Deputy Minister of the Interior Chien Tai-lang (簡太郎) said yesterday that the chiefs of districts in the newly designated special municipalities would not be elected for at least the next four years.
The Executive Yuan approved a plan last June to merge Taichung City and Taichung County, Tainan City and Tainan County, and Kaohsiung City and Kaohsiung County into special municipalities, as well as upgrade Taipei County into a special municipality. The new municipalities will be formed on Dec. 25 this year and their mayors will be elected along with the mayor of Taipei City.
In line with the restructuring, the 108 townships, villages and cities that exist in the affected counties and cities will be reorganized into districts.
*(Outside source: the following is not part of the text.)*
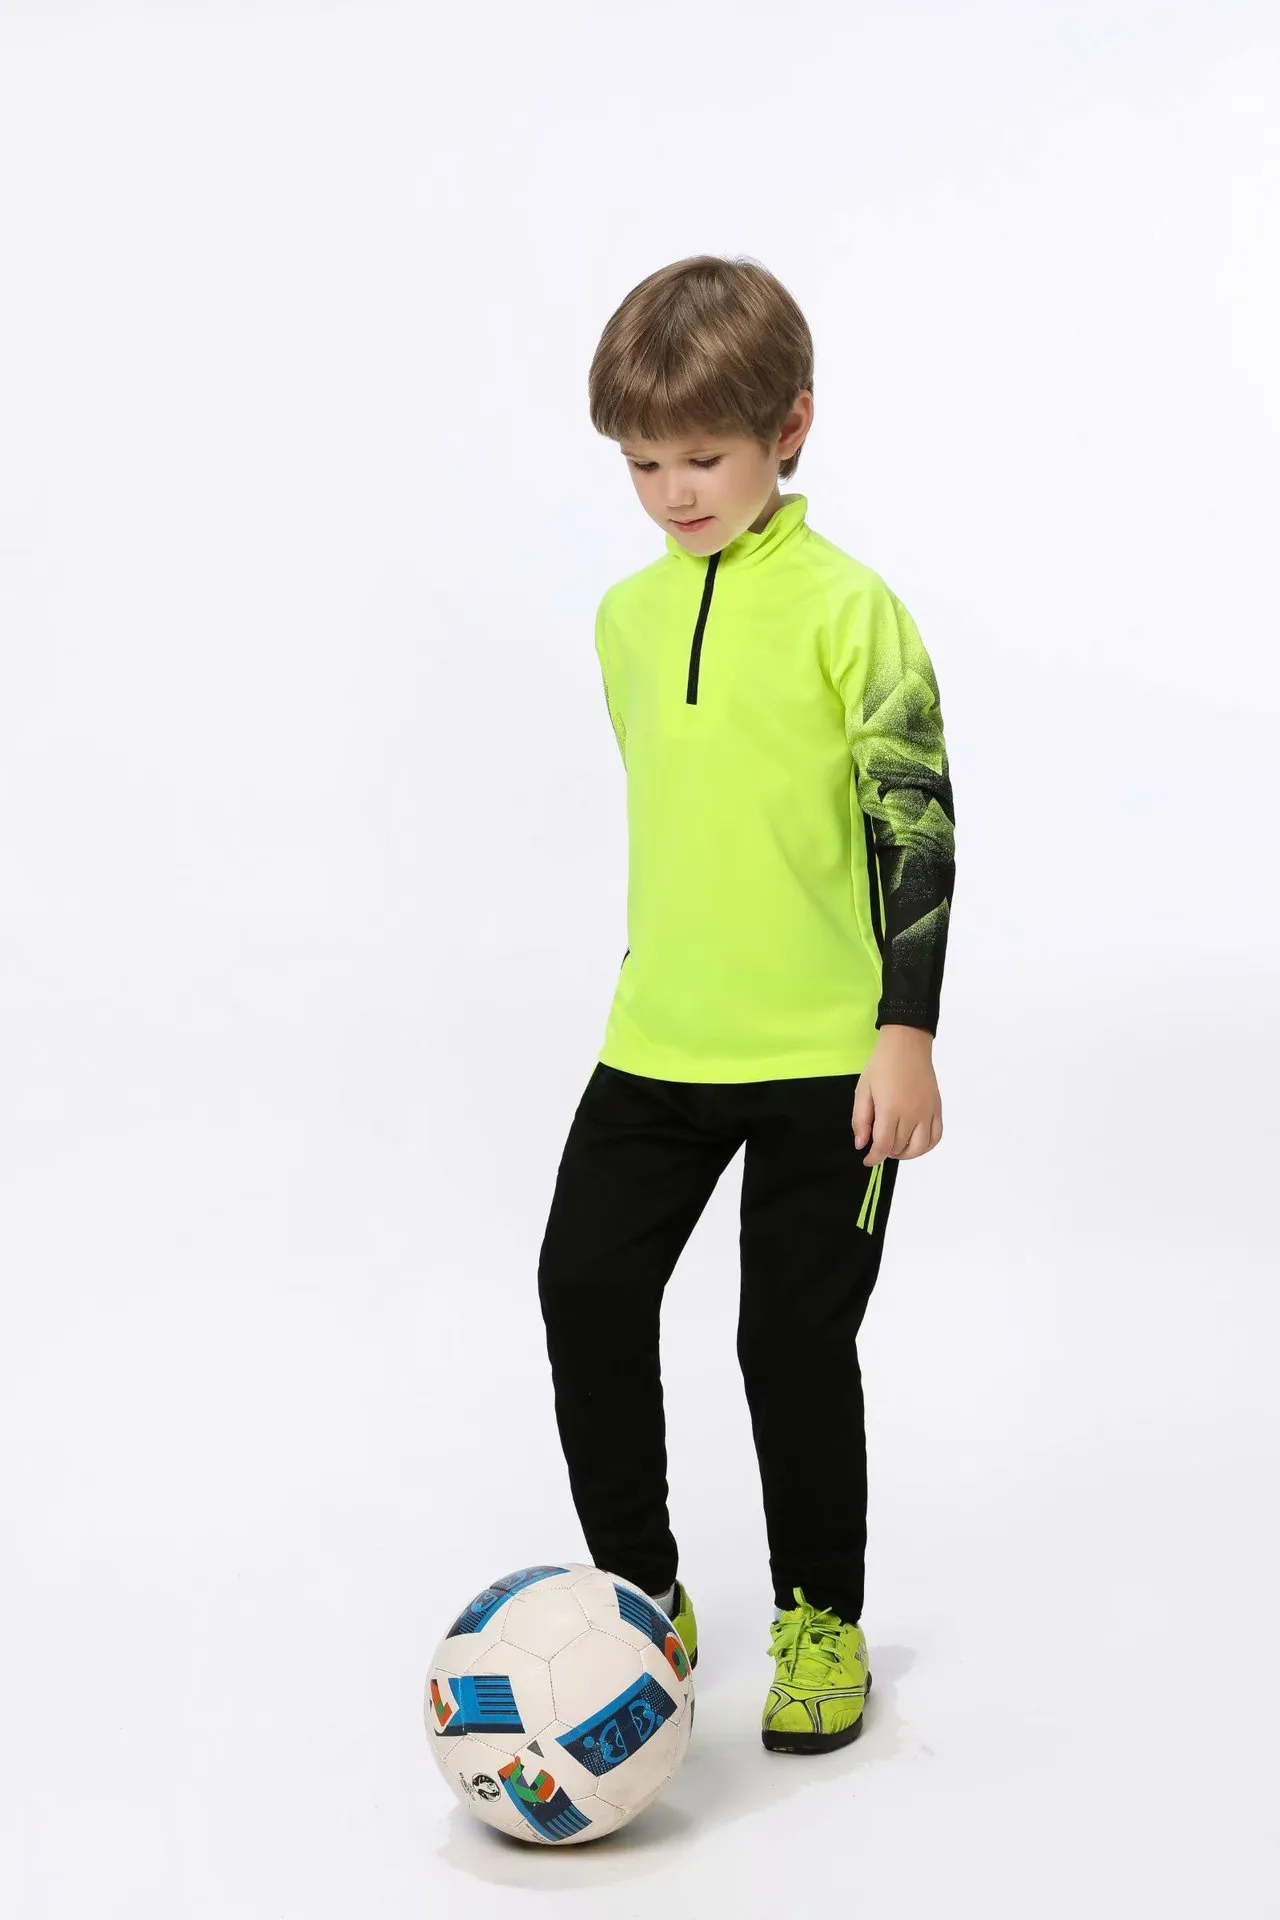 Jessie_kicks #HD61 Oweens 디자인 패션 유니폼 어린이 의류 Ourtdoor Sport 지원 QC 사진 배송 전

Elections for the chiefs and representatives of these townships, villages and cities will be abolished, with future district chiefs to be appointed by mayors of the special municipalities, as is now the case in the two existing special municipalities of Taipei and Kaohsiung.
“An amendment to the Local Government Act (地方制度法) to that effect has already been approved by the Executive Yuan and submitted to the Legislative Yuan,” said Chien, whose ministry is in charge of the autonomous local governments.
Under the amendment, existing townships in the newly designated special municipalities would become districts headed by appointed chiefs.
To take advantage of the experience of elected township chiefs, however, the amendment would allow them to be appointed by elected mayors of the municipalities as district chiefs, the vice minister said.
The amendment would also oblige mayors to name the incumbent councilors of these townships as advisers to the district chief to give them roles in helping with the governing of the districts, Chien said.
“We respect the views of some people that there should be elected district chiefs and councilors, but we stand by the amendment crafted by the Executive Yuan,” Chien said.
Citing Premier Wu Den-yih (吳敦義) telling the Ministry of the Interior last year that district chiefs should not be elected for the time being, Chien said the appointed chiefs of districts would serve for at least one four-year term until 2014.
The changes have triggered extensive concerns among incumbents.
Township chiefs and councilors of the four counties involved in the administrative realignment gathered at the Legislative Yuan in Taipei on Tuesday to appeal for help in amending the Local Government Act to allow one more round of elections this year to give them a chance to serve another four-year term.
The politicians, many of whom are members or allies of the Chinese Nationalist Party (KMT), have threatened to mobilize against the party’s candidates in the year-end special municipalities elections if their appeal is ignored, but KMT legislators did not seem sympathetic to their appeal.
“Reforms always come at a price,” KMT Legislator Wu Yu-sheng (吳育昇) said.
Wu said he saw little chance for compromise given that Minister of the Interior Jiang Yi-huah (江宜樺) had rejected calls to amend the law. The legislator also expressed regret that the local governments did not communicate properly with local politicians before filing their applications for an upgrade.
Meanwhile, KMT legislative caucus whip Lin Hung-chih (林鴻池) said he believed that comprehensive, not partisan, considerations should guide the reforms.